Serverless architecture is a new concept and it is proliferating as a method to create mobile apps and supporting infrastructure for websites. The concept is difficult to understand because the very name of the system is misleading.
The reason the name came about is that these functions are stored and executed in a different charging structure. Traditionally, a software developer gets a server and uses that resource to store and run packages. Now cloud servers are available, a developer can get a dedicated virtual server or rent storage space and processor power from a cloud host. All the major cloud systems offer serverless services. With these packages, you pay for the execution time of a function rather than buying blocks of space or processing capacity.
Serverless services can host supporting systems, such as databases, as well as the principal function that gets activated by external requirements.

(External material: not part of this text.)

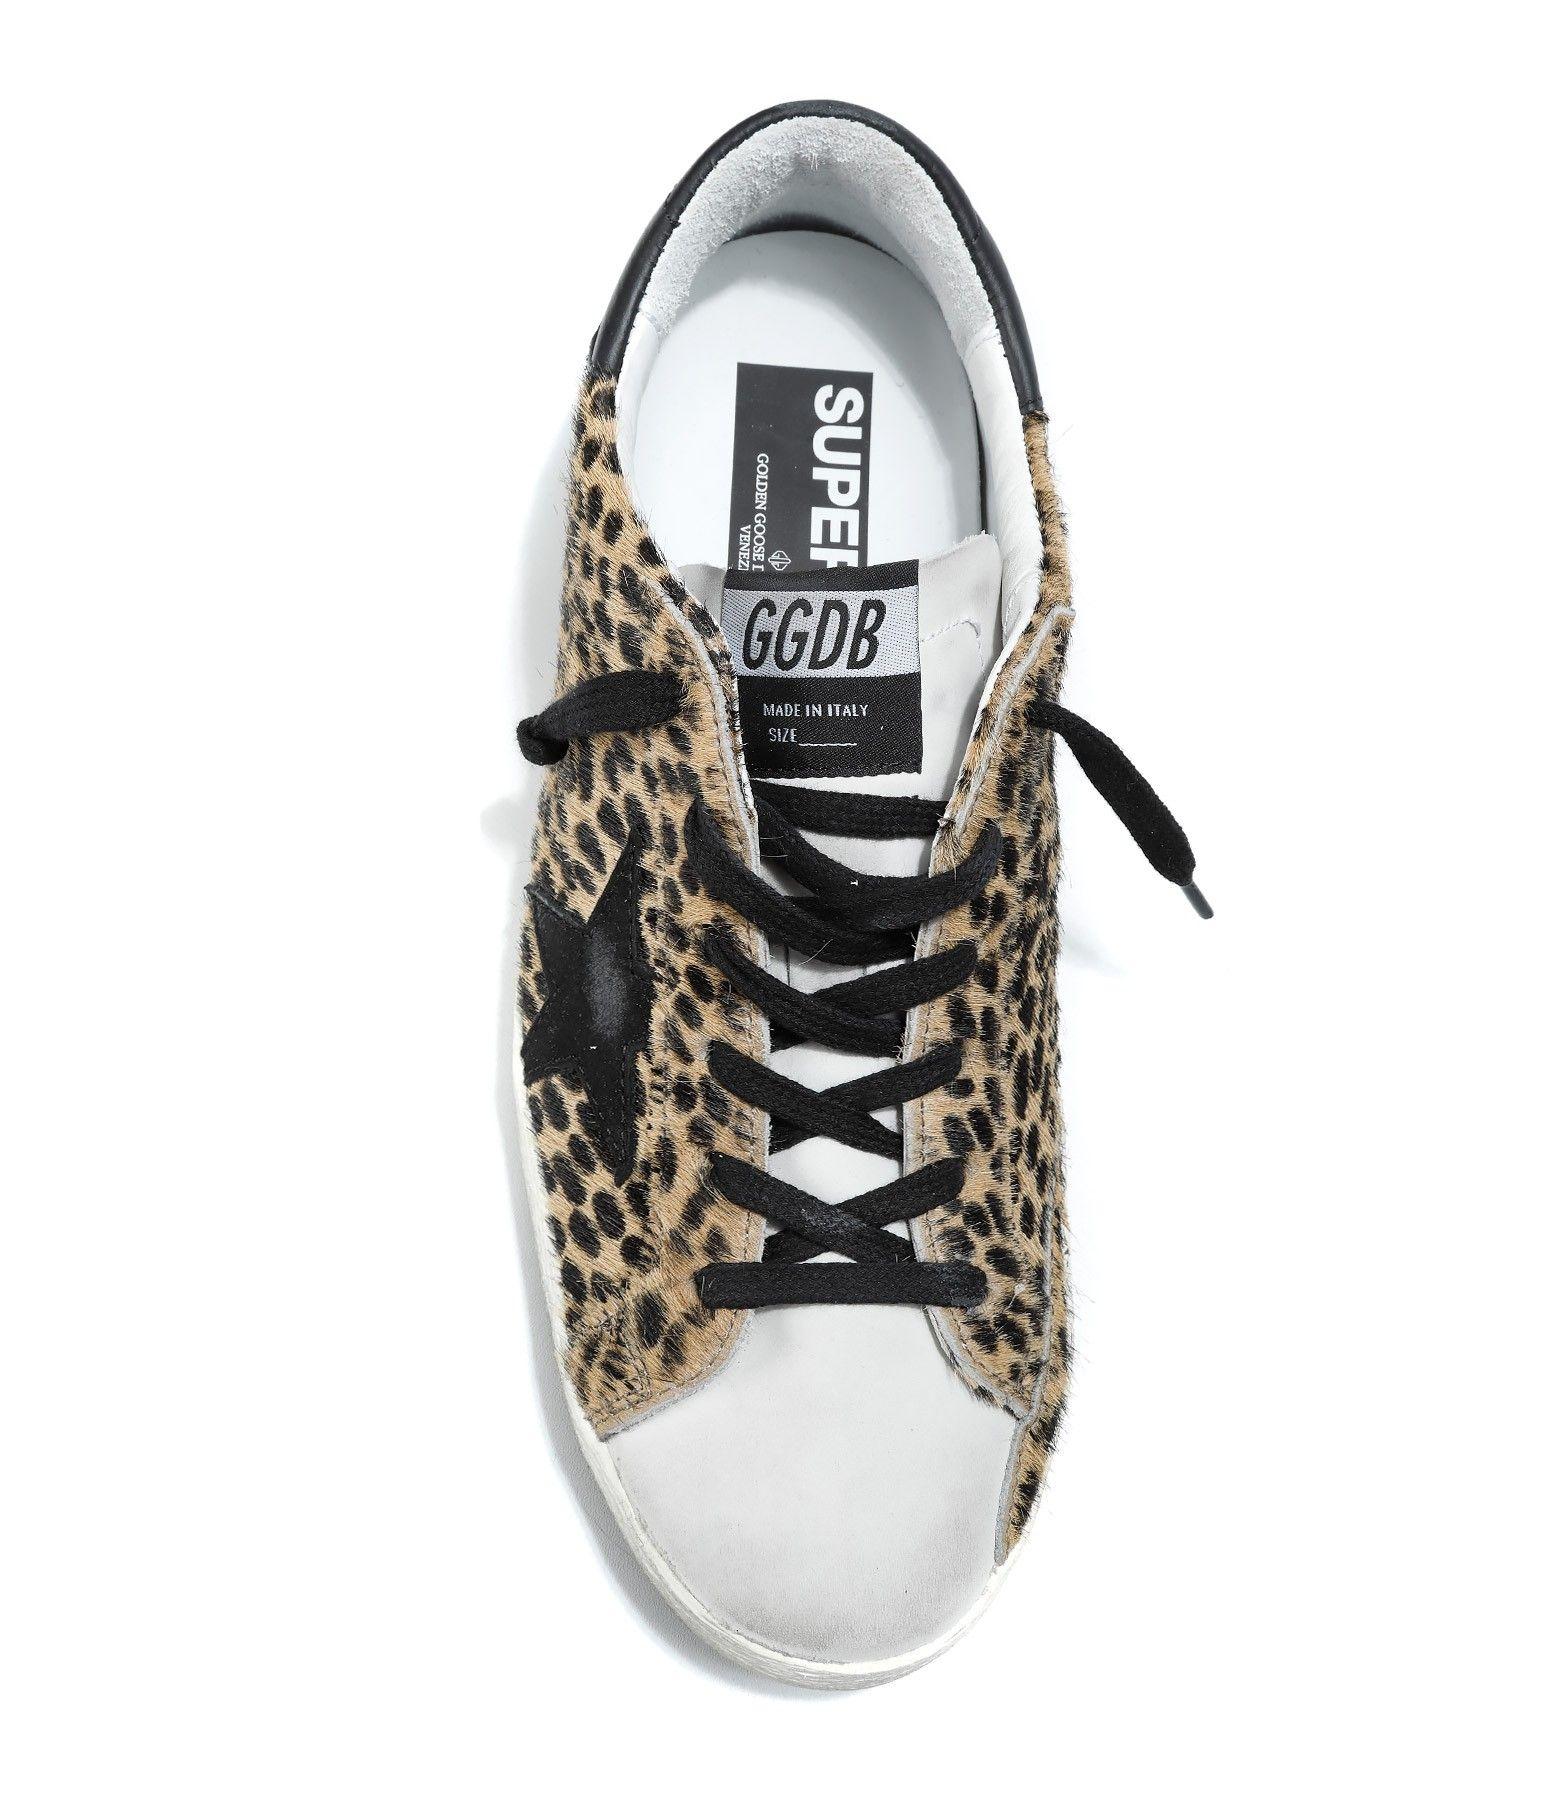 GOLDEN GOOSE Sneakers Superstar Exclu Lulli Leopard Pony
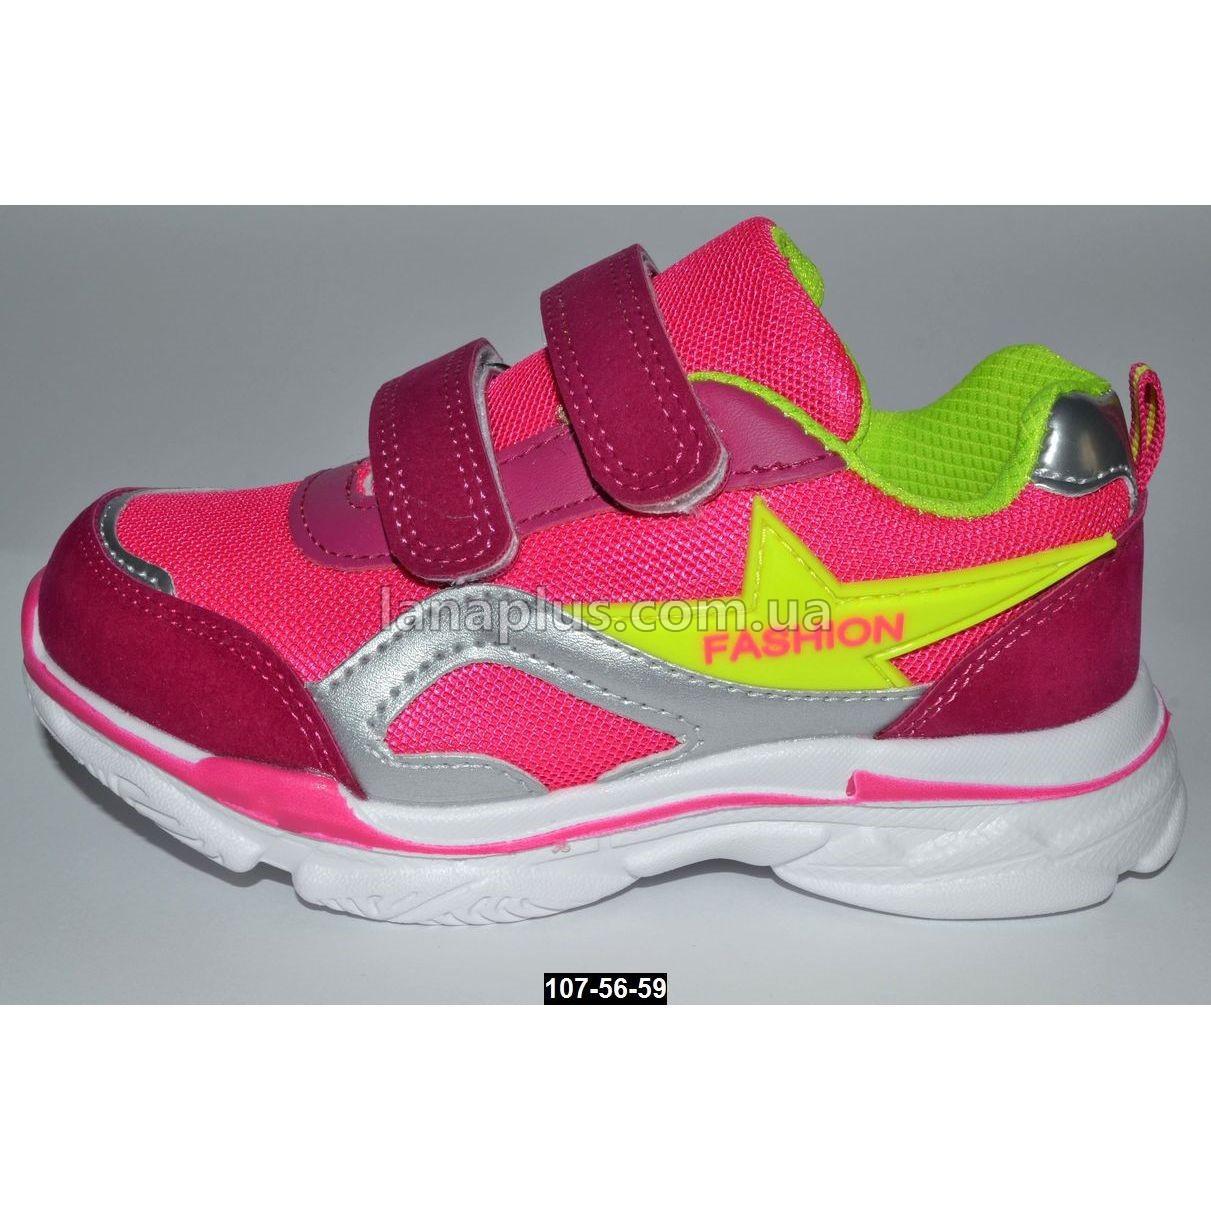 Дышащие кроссовки для девочки, 28 размер (17 см), Tom.m, кожаная стелька, супинатор, 107-56-59

The serverless hosting tariff is an on-demand usage charge rather than a charge per month for reserved resources.
Serverless programs
The serverless hosting model is used for microservices. A microservice is a function that creates a service-oriented architecture and the serverless architecture is the hardware delivery system beneath that model.
When writing a program, software developers are accustomed to extracting out commonly-used sections of code for reuse. These become functions that can be stored at the top of the file for local use, or stored in an external file that is included in the running program with a reference to be accessible.
Microservices are a library of functions stored on a cloud server. The microservice will provide an entire service, such as a form of movement in an animation, or a message posting function in a chat system.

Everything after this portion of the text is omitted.